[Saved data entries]
■ ■ ■
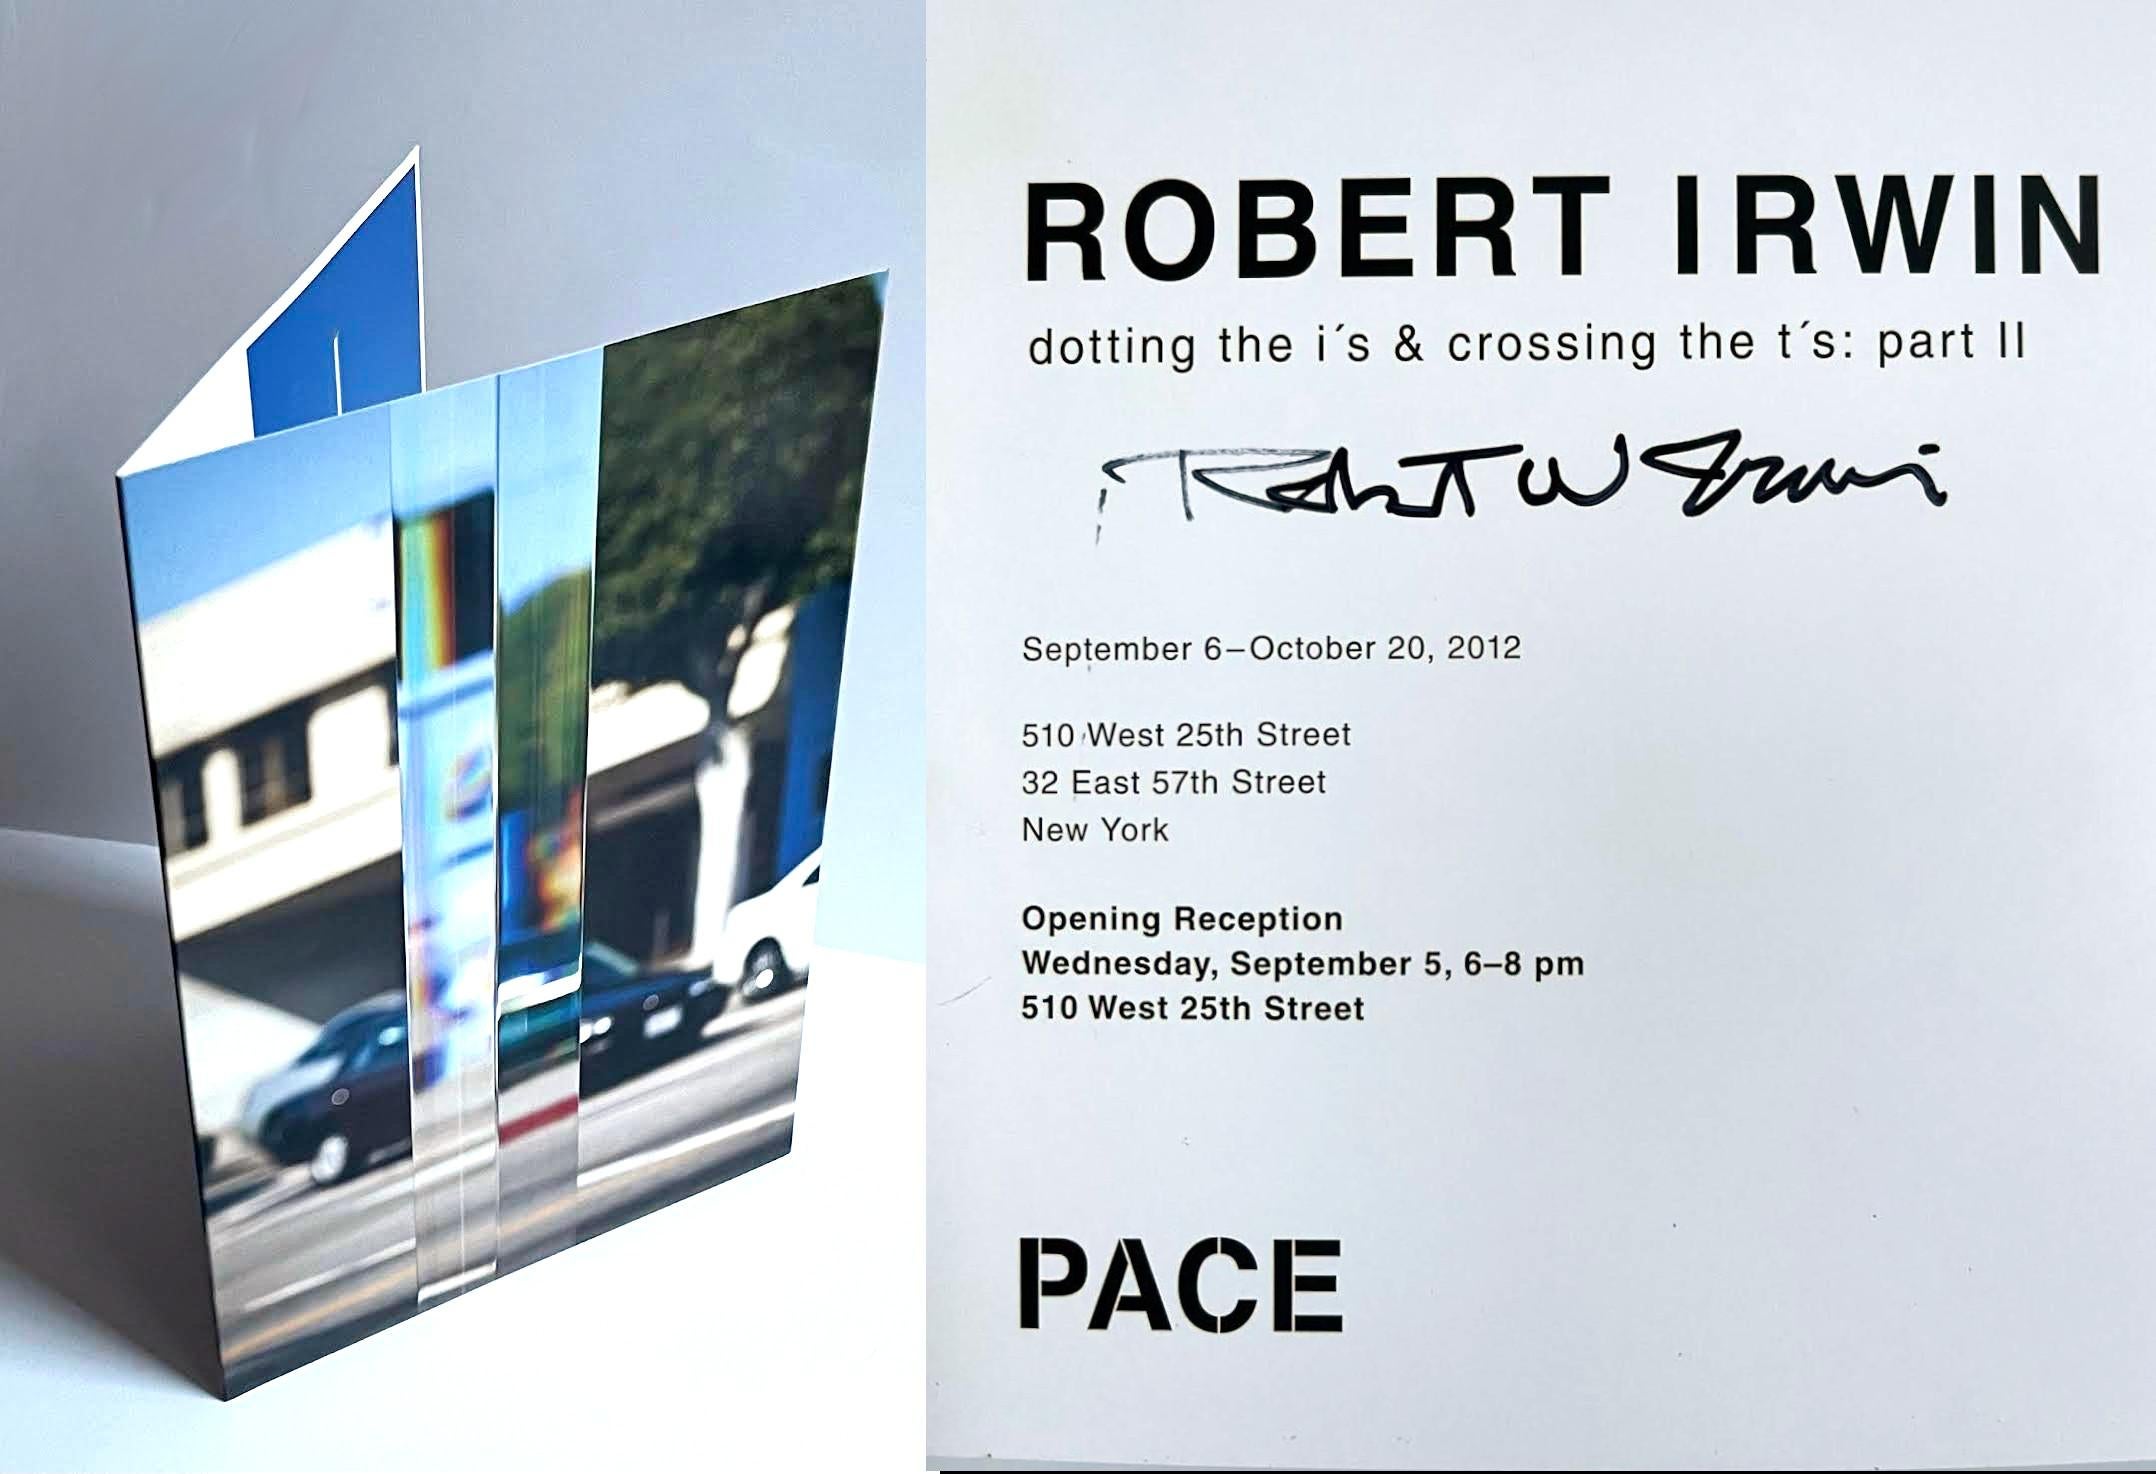 Robert Irwin
Fold-out PACE Gallery invitation (hand signed by Robert Irwin), 2012
Offset lithograph fold-out invitation (hand signed by Robert Irwin)
Boldly signed by Robert Irwin on the inside
10 × 7 inches
Makes a great gift!
This fold out
■ ■ ■
**What is being asked:** Skipping every picture, reproduce the records word for word.

**Your response:**
 Robert Irwin
Fold-out PACE Gallery invitation (hand signed by Robert Irwin), 2012
Offset lithograph fold-out invitation (hand signed by Robert Irwin)
Boldly signed by Robert Irwin on the inside
10 × 7 inches
Makes a great gift!
This fold out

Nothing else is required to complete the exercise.